Thus, in a preferred embodiment in accordance with the C⁴D system of the present invention, when the microchip 90 is positioned in the recess 52 of the holder 50, adhesive tape electrodes 64, 65 are arranged in the grooves 112, 114 so as to adhere to the floor of the respective groove as shown in FIG. 1. The grooves 112 and 114 not only make it possible to position the electrodes 64 and 65 closer to the separation channel 94, but the grooves also reliably facilitate the proper positioning of these electrodes relative to the separation channel. Those skilled in the art would realize that the present invention can be practiced without the use of grooves 112 and 114 formed in body 92 of the microchip 90; however, the advantages of having these grooves would be lost. Without the presence of the grooves 112, 114, the adhesive electrodes 64, 65 are placed directly on the surface of the body 92, and there is a greater risk that the electrodes 64, 65 will not be properly positioned on the microchip 90.

The Electronic System

The electronic system 100 that drives the present invention includes the contactless electronic analytic detection circuit 60 and the electronic separation circuit 80, which can be constructed as a single integrated circuit or which can be maintained as separately distinct units. The separation circuit 80 serves to provide the direct current (dc) voltages used to inject and separate out the ions in the separation channel 94 and the analytic circuit 60 serves to provide the alternating current (ac) voltages used to perform the detection of various ions.

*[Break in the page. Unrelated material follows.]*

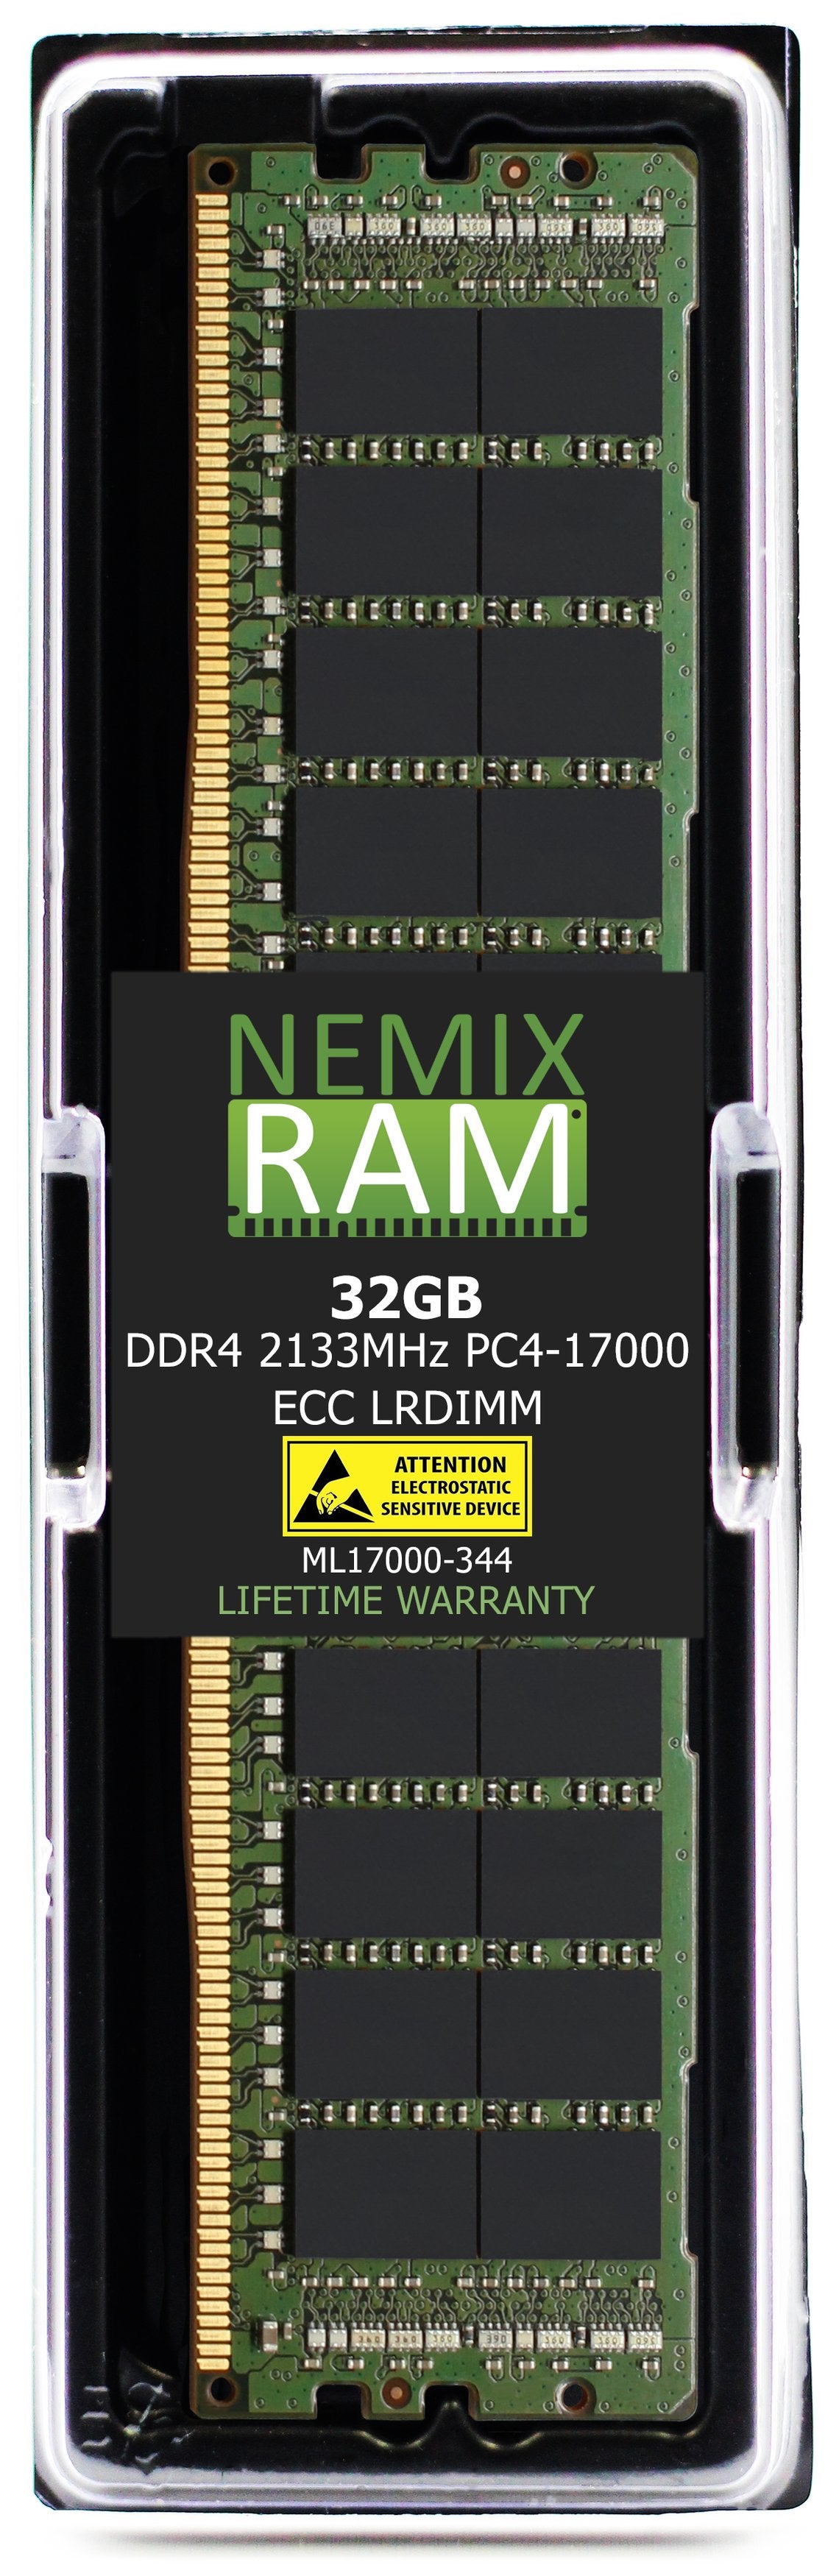 32GB DDR4 2133MHZ PC4-17000 LRDIMM Compatible with Supermicro MEM-DR432L-HL01-LR21
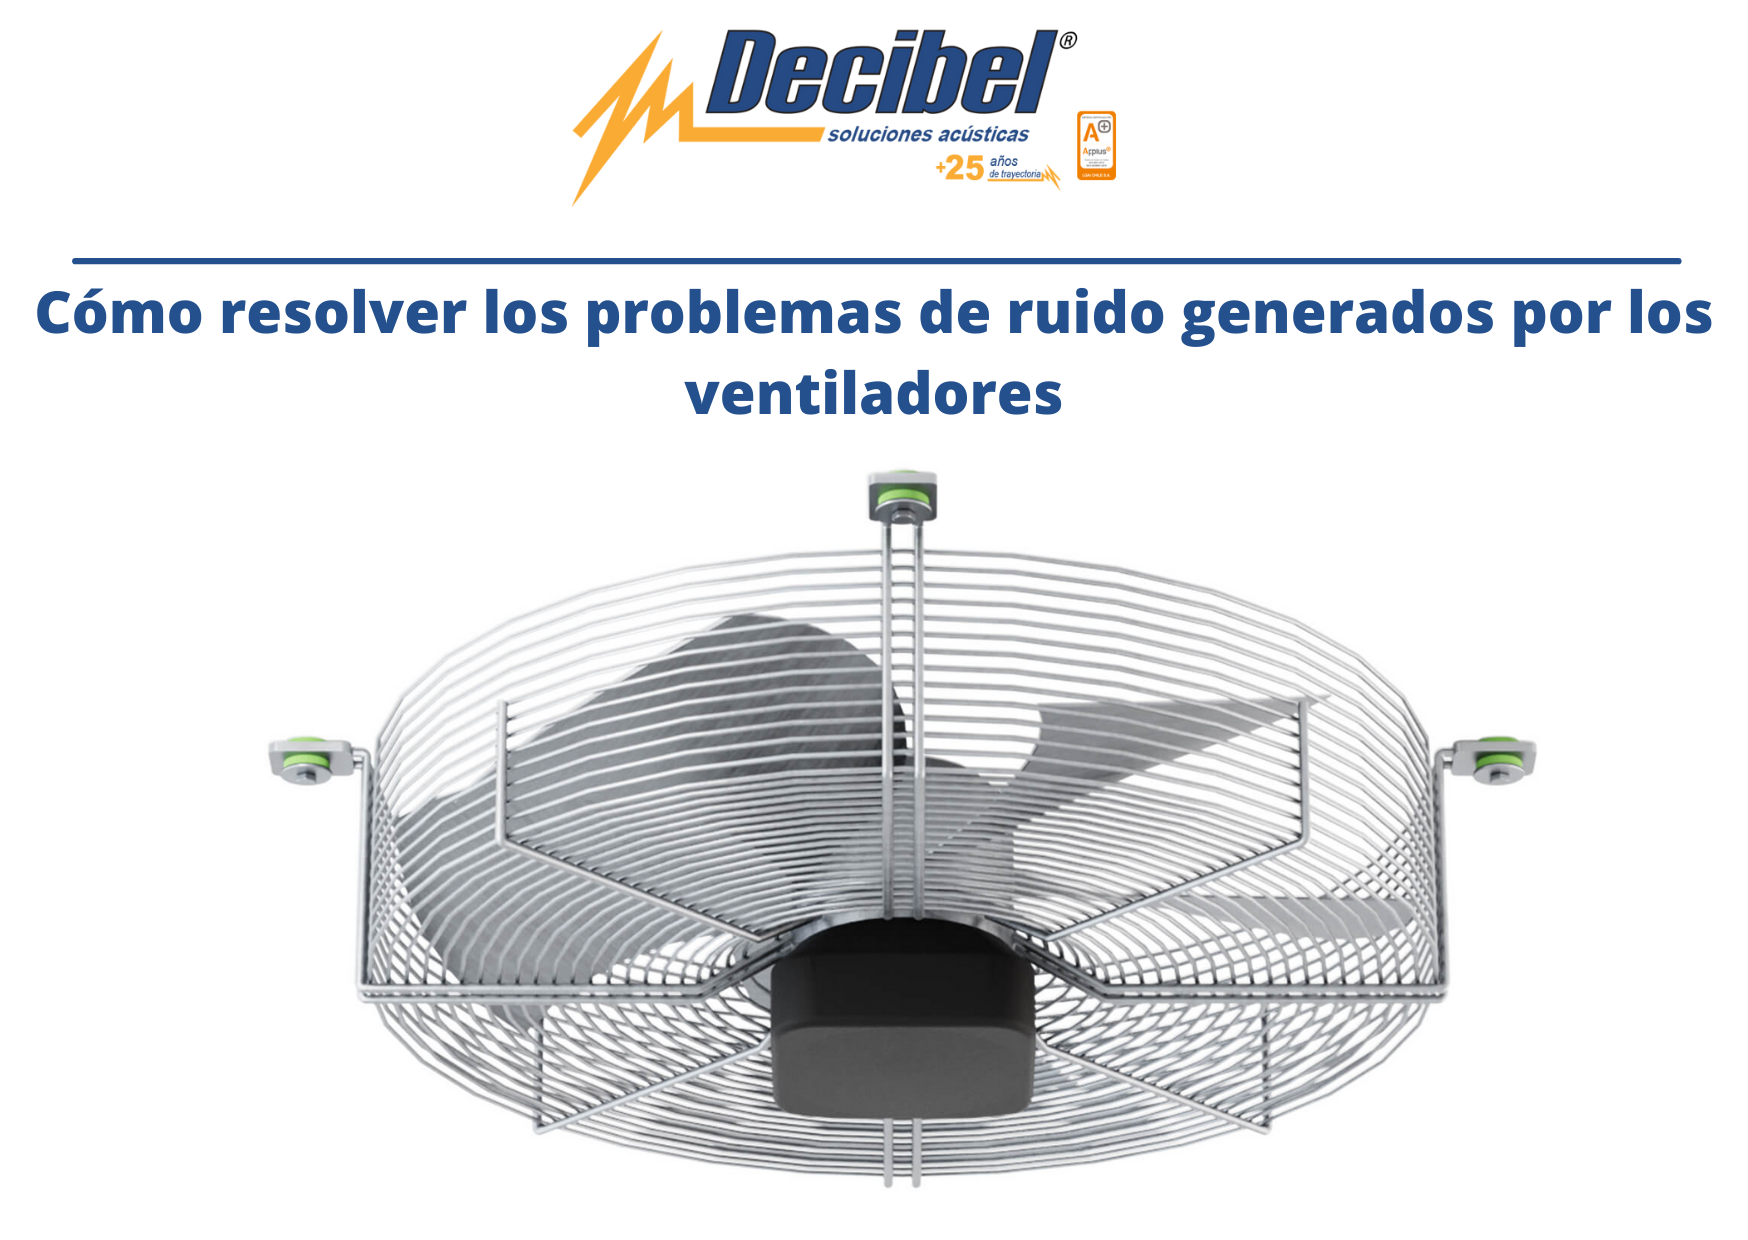 ¿Cómo resolver los problemas de ruido generados por los ventiladores?

The separation circuit 80 includes two high-voltage power supplies that are controlled by a built-in interface connected to a multifunctional I/O-card located in a standard personal computer. The power supply used for injection is connected by wires to injection electrodes 87 and 89, which are placed in reservoirs 7 and 9, respectively, as shown in FIG. 1. To inject sample analytes into the injection cross 98, the injection power supply must be able to provide a direct voltage of around 1 kV for 2-3 seconds with a polarity selectable depending upon the sample analyte polarity (i.e., positive voltage polarity selected for positive analytes and negative voltage polarity selected for negative analytes). The power supply used for separation is connected by wires to separation electrodes 85 and 81, which are placed in reservoirs 5 and 11, respectively, as shown in FIG. 1. To separate sample analytes in the separation channel 94, the separation power supply must be able to provide a direct voltage of around 3-4 kV for up to 50 seconds or more. Voltage polarity provided by the separation power supply must be appropriately selectable depending upon the polarity of the sample analytes (i.e., (+) polarity for (+) analytes and (−) polarity for (−) analytes).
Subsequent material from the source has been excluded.